Accès au contenu
Environnement

Une rupture climatique qui bouleverse la viticulture

Il suffit parfois d’une courbe pour faire basculer une lecture. En Bourgogne, les données issues de la station de Dijon racontent une histoire sans ambiguïté : celle d’un climat qui a changé de régime.

Par Cédric Michelin
Une rupture climatique qui bouleverse la viticulture
Le changement climatique s'observe en Bourgogne à travers de multiples effets sur les vignes.

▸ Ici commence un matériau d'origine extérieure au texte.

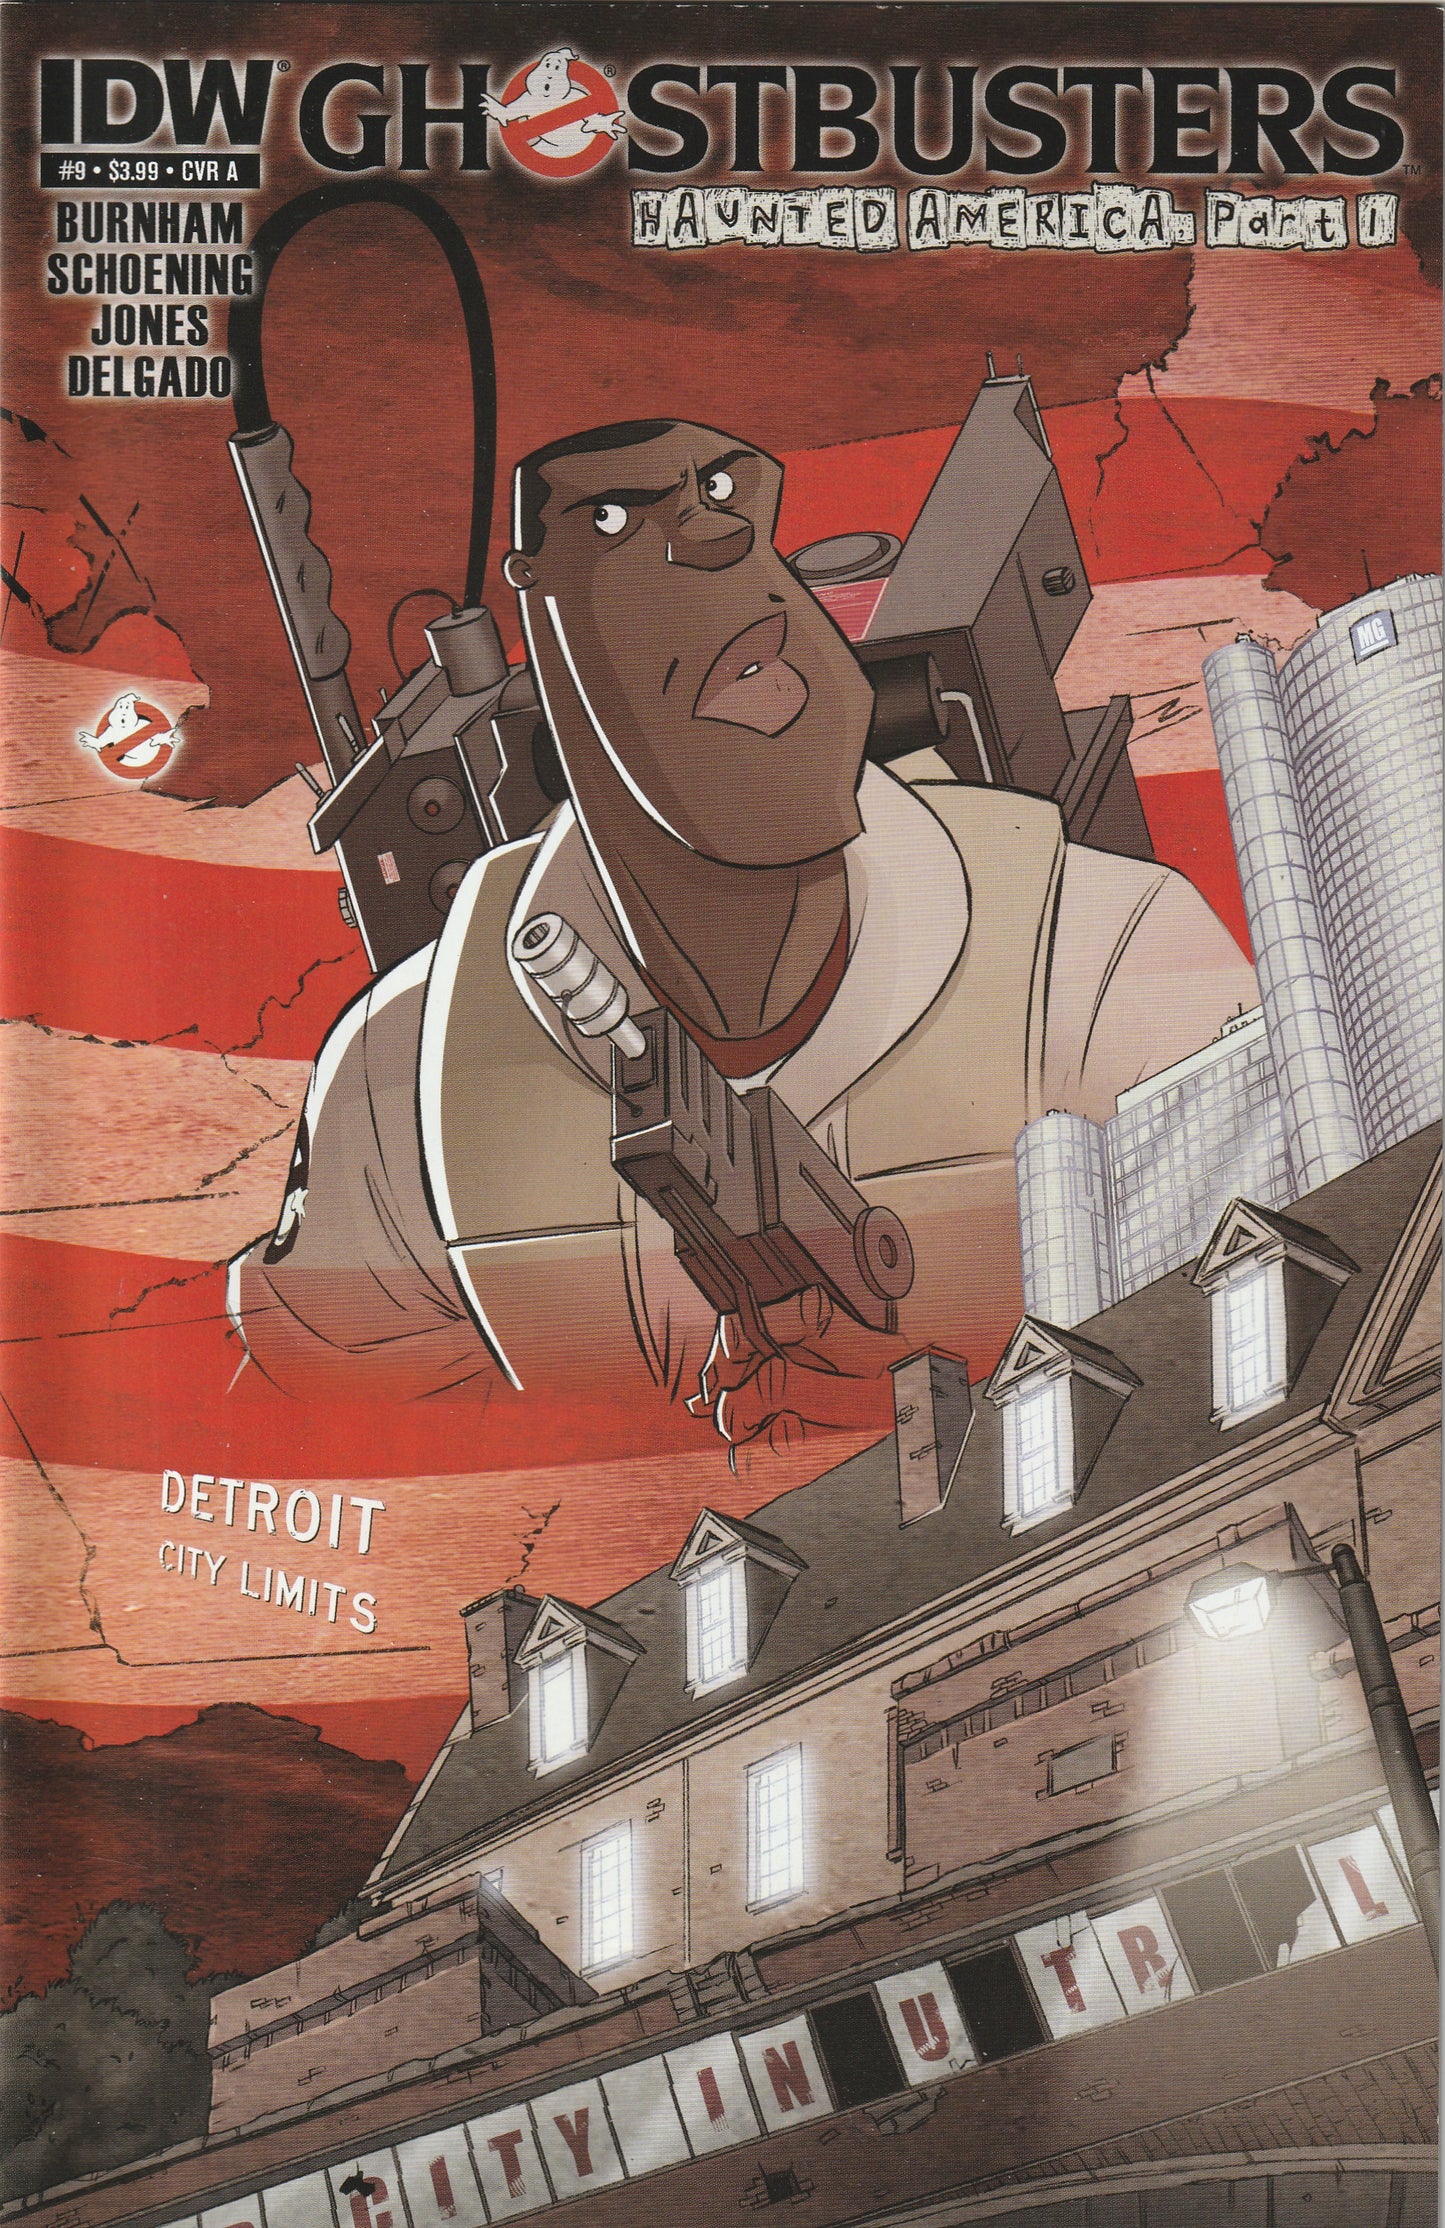 Ghostbusters #9 (2012) - Cover A Dan Schoening Cover

« On a une belle rupture en 1987-1988 », souligne Christine Monamy, responsable agrométéo et des observatoires au Comité des vins de Bourgogne, en s’appuyant sur l’analyse des températures moyennes annuelles. Avant cette période, celles-ci oscillaient autour de 10 °C. Depuis, la trajectoire s’est infléchie nettement. « On est aujourd’hui à environ + 1,5 °C entre la fin du XXe siècle et le début du XXIe », insiste-t-elle, presque avec gravité. Mais la moyenne ne dit pas tout. Ce sont aussi les extrêmes qui traduisent la transformation en cours. « Depuis cette rupture climatique, on a plus de jours chauds », observe-t-elle. Les seuils de 30 °C et surtout de 35 °C sont franchis plus fréquemment. « On a même cinq jours supplémentaires à plus de 35 °C », précise-t-elle, laissant entrevoir l’intensification des épisodes caniculaires. Du côté des précipitations, le signal est plus subtil. Les volumes annuels augmentent – de l’ordre de 100 mm – mais leur répartition évolue profondément. « On est davantage arrosé en fin d’année et au printemps », explique Christine Monamy. Une redistribution qui n’est pas neutre pour les systèmes viticoles, en modifiant à la fois les réserves hydriques et les conditions de développement de la vigne.

Évolution des stades phénologiques

Car la vigne, justement, réagit. Et elle le fait vite. « Tous les stades phénologiques ont évolué », affirme-t-elle. Du débourrement à la vendange, les calendriers se décalent. « On observe des avances de 8 à 17 jours », précise-t-elle. Une accélération du cycle végétatif qui s’inscrit directement dans la dynamique du réchauffement. Les conséquences se lisent aussi dans les baies. « On a une évolution de la maturation et de la composition des moûts », note la spécialiste. Les équilibres changent : « on gagne en degré, on perd en acidité ». Et les vendanges suivent ce mouvement, gagnant en précocité. Autant d’éléments qui redéfinissent les profils des vins bourguignons. Mais c’est peut-être sur les rendements que l’instabilité devient la plus tangible. Si les surfaces viticoles progressent régulièrement, la production, elle, se dérègle. « Depuis 2010, on a des rendements très erratiques d’une année sur l’autre », constate l'experte. En cause : une accumulation d’aléas climatiques. Le gel, d’abord, dont les épisodes récents ont marqué les esprits. Les perturbations de la floraison ensuite, avec leur cortège de phénomènes : coulure, millerandage, filage. Et puis la grêle. « Les phénomènes ne sont pas forcément plus fréquents, mais ils sont plus violents », alerte-t-elle. Le changement ne tient pas seulement à l’intensité, mais aussi à la nature même des événements, imprévisibles. « Avant, on avait des fronts orageux qui se déplaçaient d’ouest en est », rappelle-t-elle. Désormais, le schéma évolue. « On voit apparaître des cellules isolées, qui naissent localement, se développent très vite et peuvent faire beaucoup de dégâts », décrit-elle, comme pour souligner la difficulté croissante à anticiper ces épisodes. Dans ce contexte, l’adaptation devient un exercice d’équilibriste. « Aucune année ne se ressemble », conclut-elle, avec une forme de lucidité. Une phrase simple, mais qui résume à elle seule le défi climatique auquel la viticulture bourguignonne est désormais confrontée.